PROBLEM DETAILS >> Print the listing in its entirety and exactly, leaving out images.

EXERCISE DATA >>
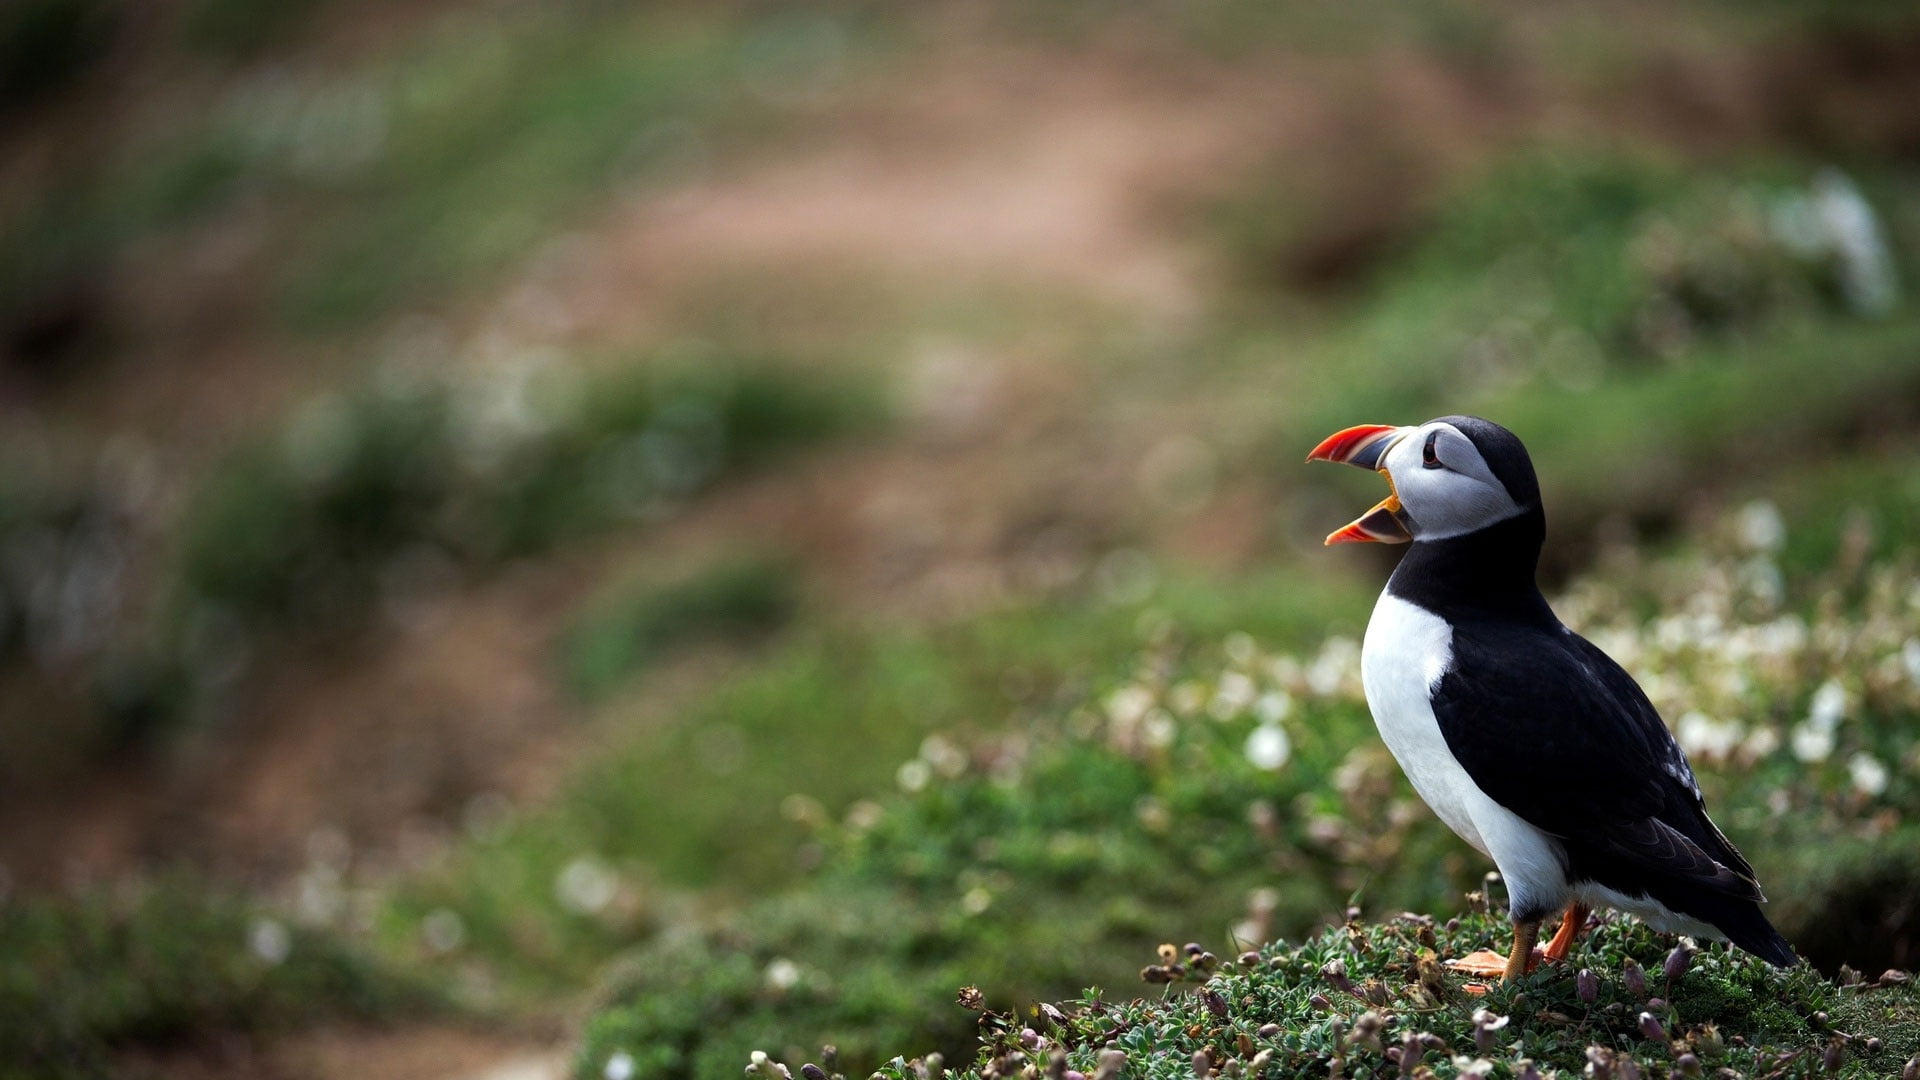 Puffin standing near green grass taking picture during daytime
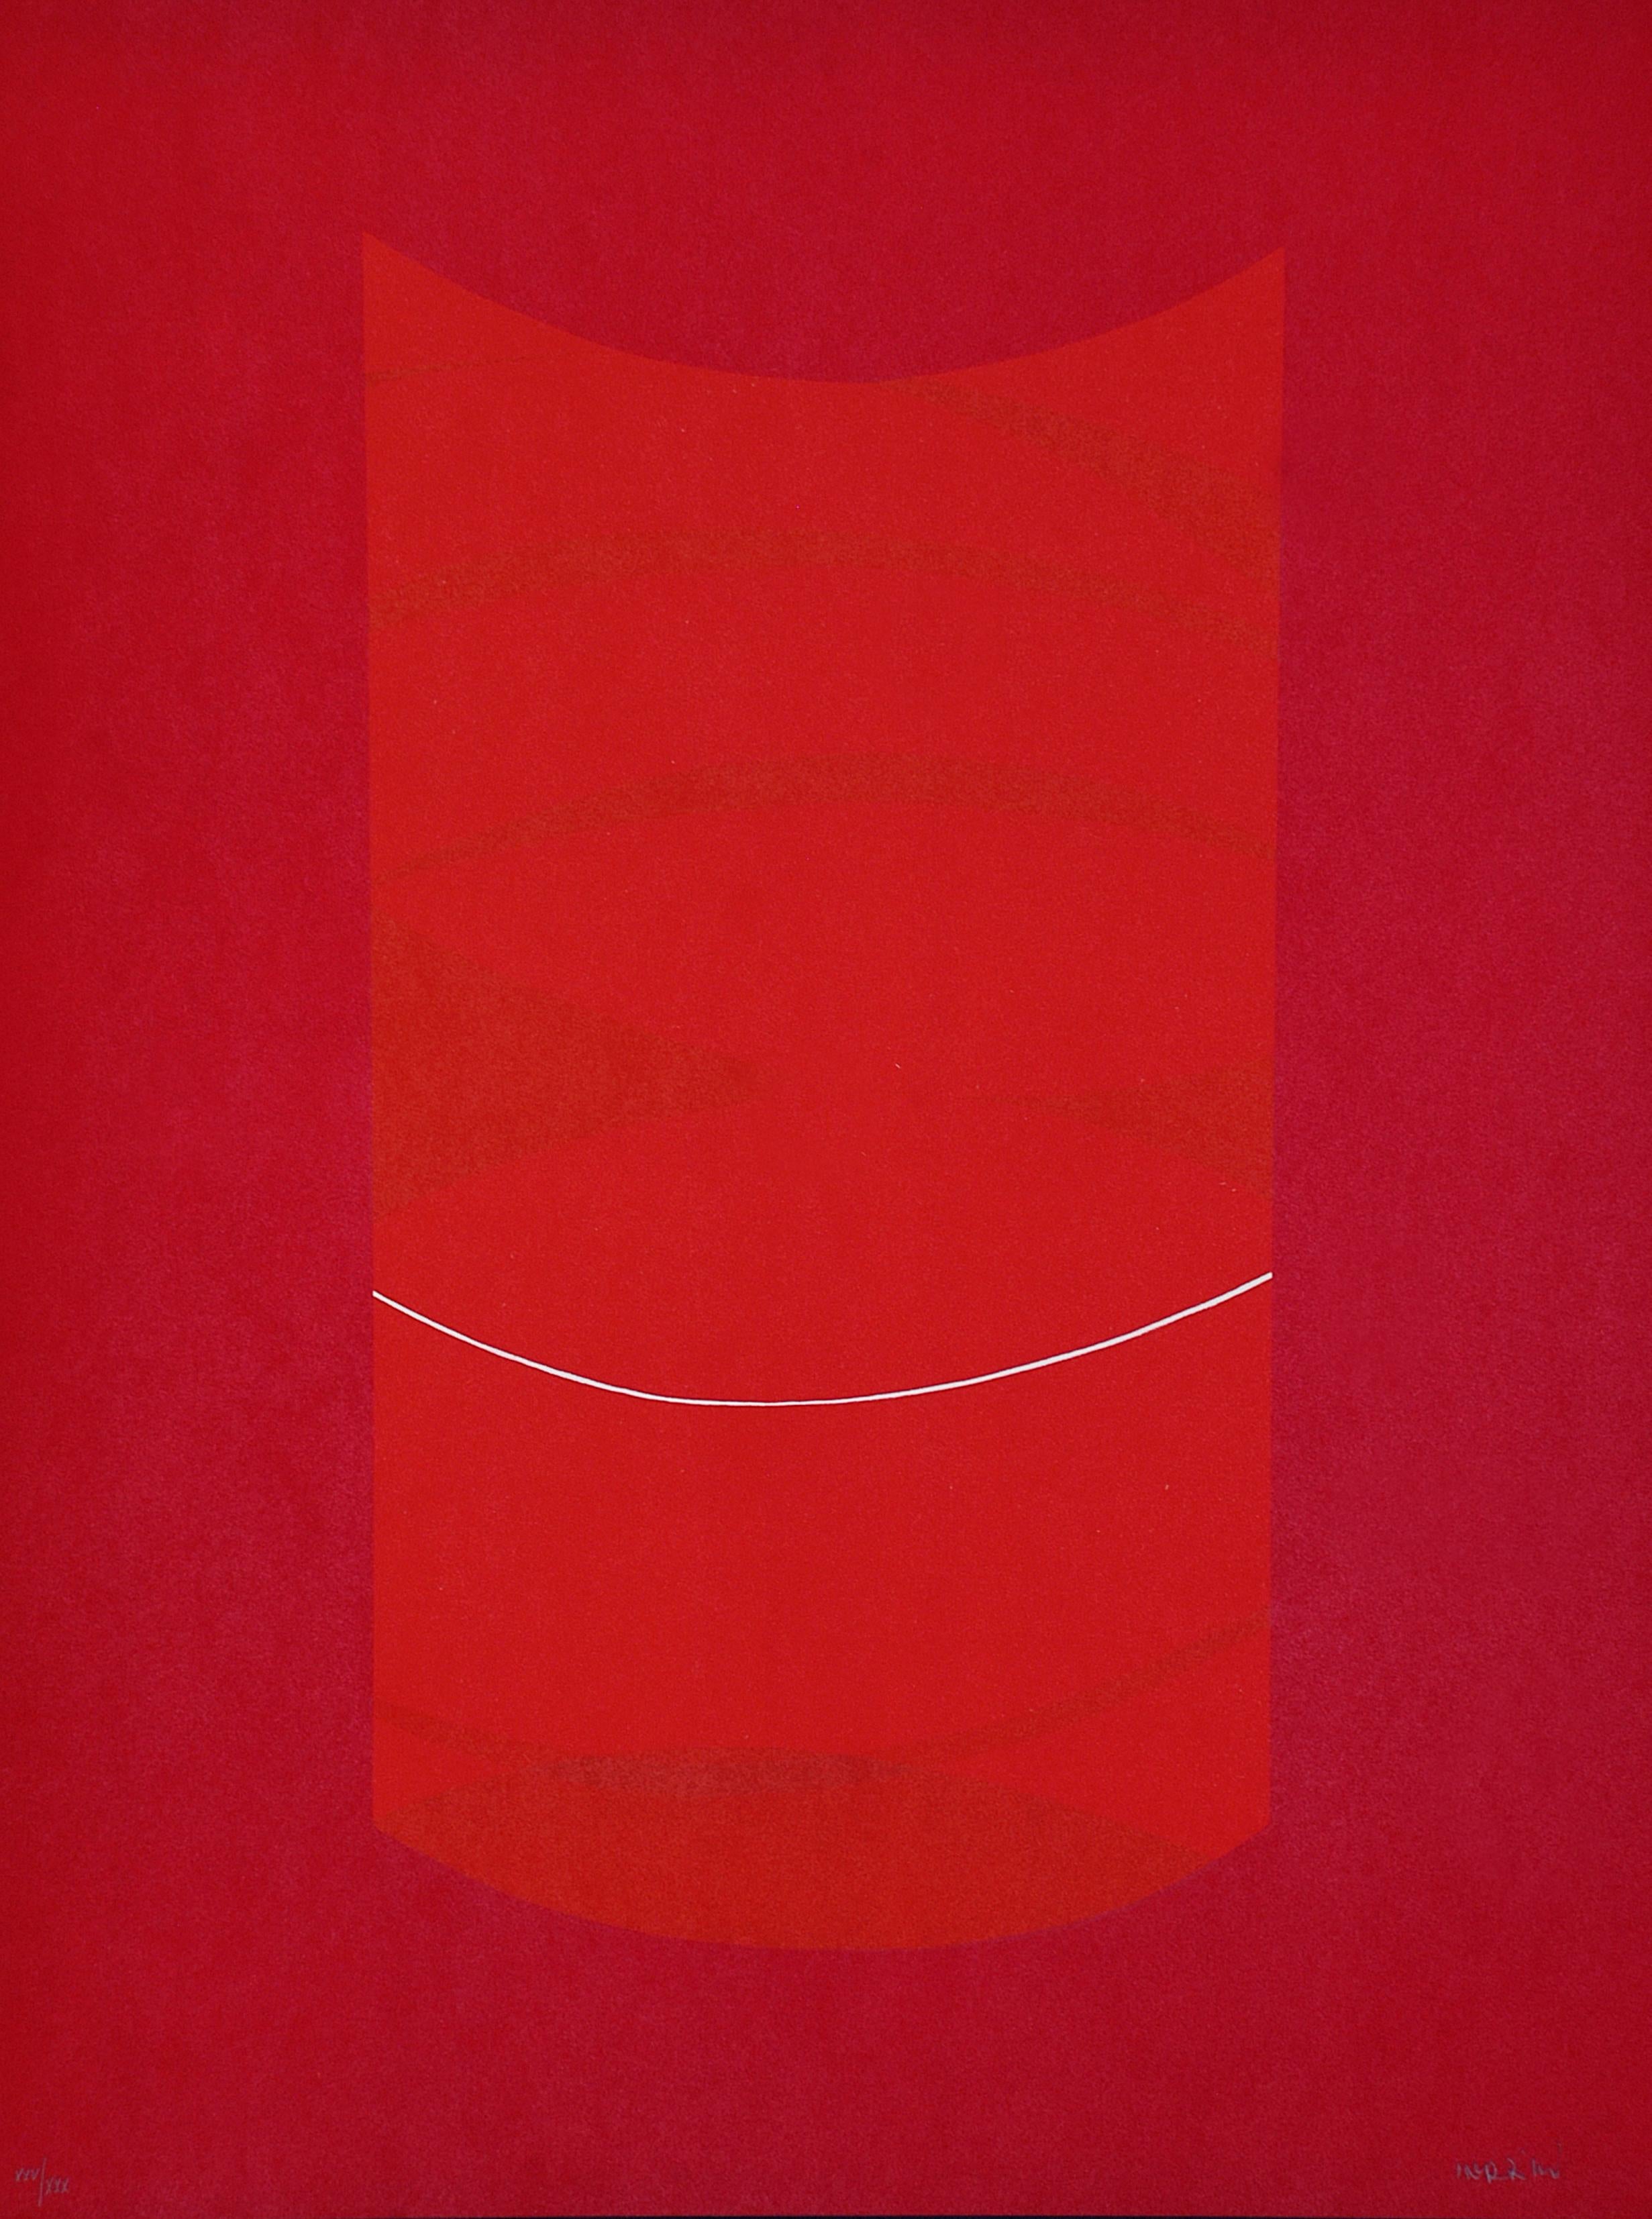 Warm red lithograph Red One realized by Lorenzo Indrimi in the 1970s.

This is an edition of 100 prints, plus a few artist's proofs and 30 pieces in Roman numbers.
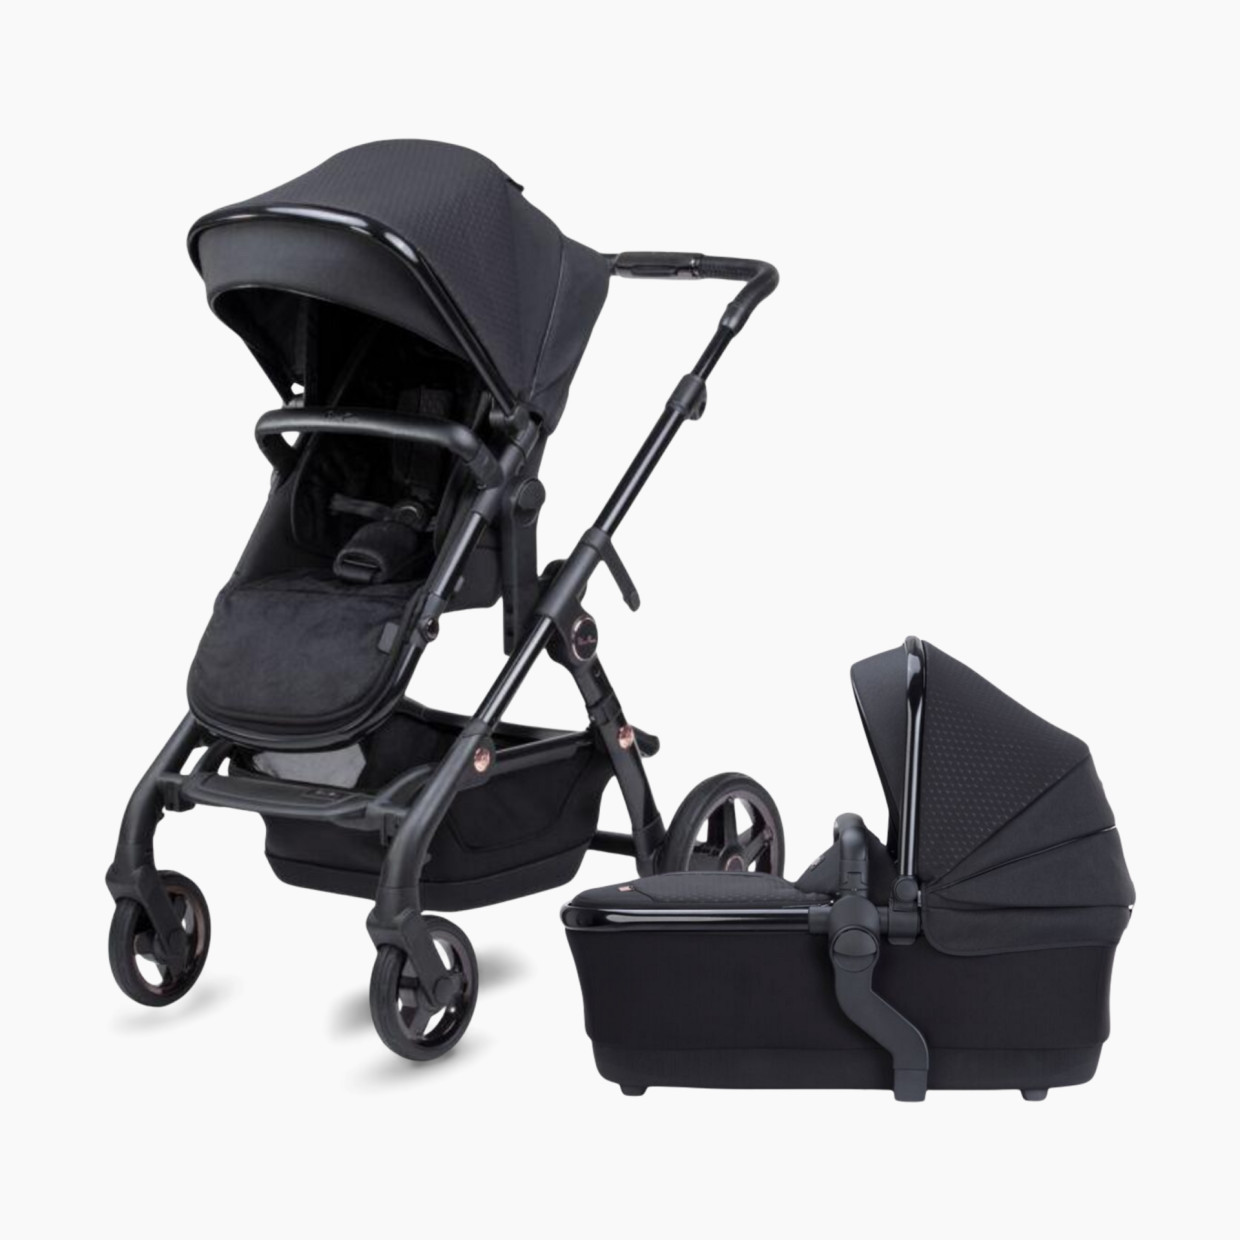 Silver Cross Wave 2022 Single to Double Special Edition Eclipse Stroller - Black/Rose Gold.

TASK RESULT >>
 Puffin standing near green grass taking picture during daytime
 Warm red lithograph Red One realized by Lorenzo Indrimi in the 1970s.

This is an edition of 100 prints, plus a few artist's proofs and 30 pieces in Roman numbers.
 Silver Cross Wave 2022 Single to Double Special Edition Eclipse Stroller - Black/Rose Gold.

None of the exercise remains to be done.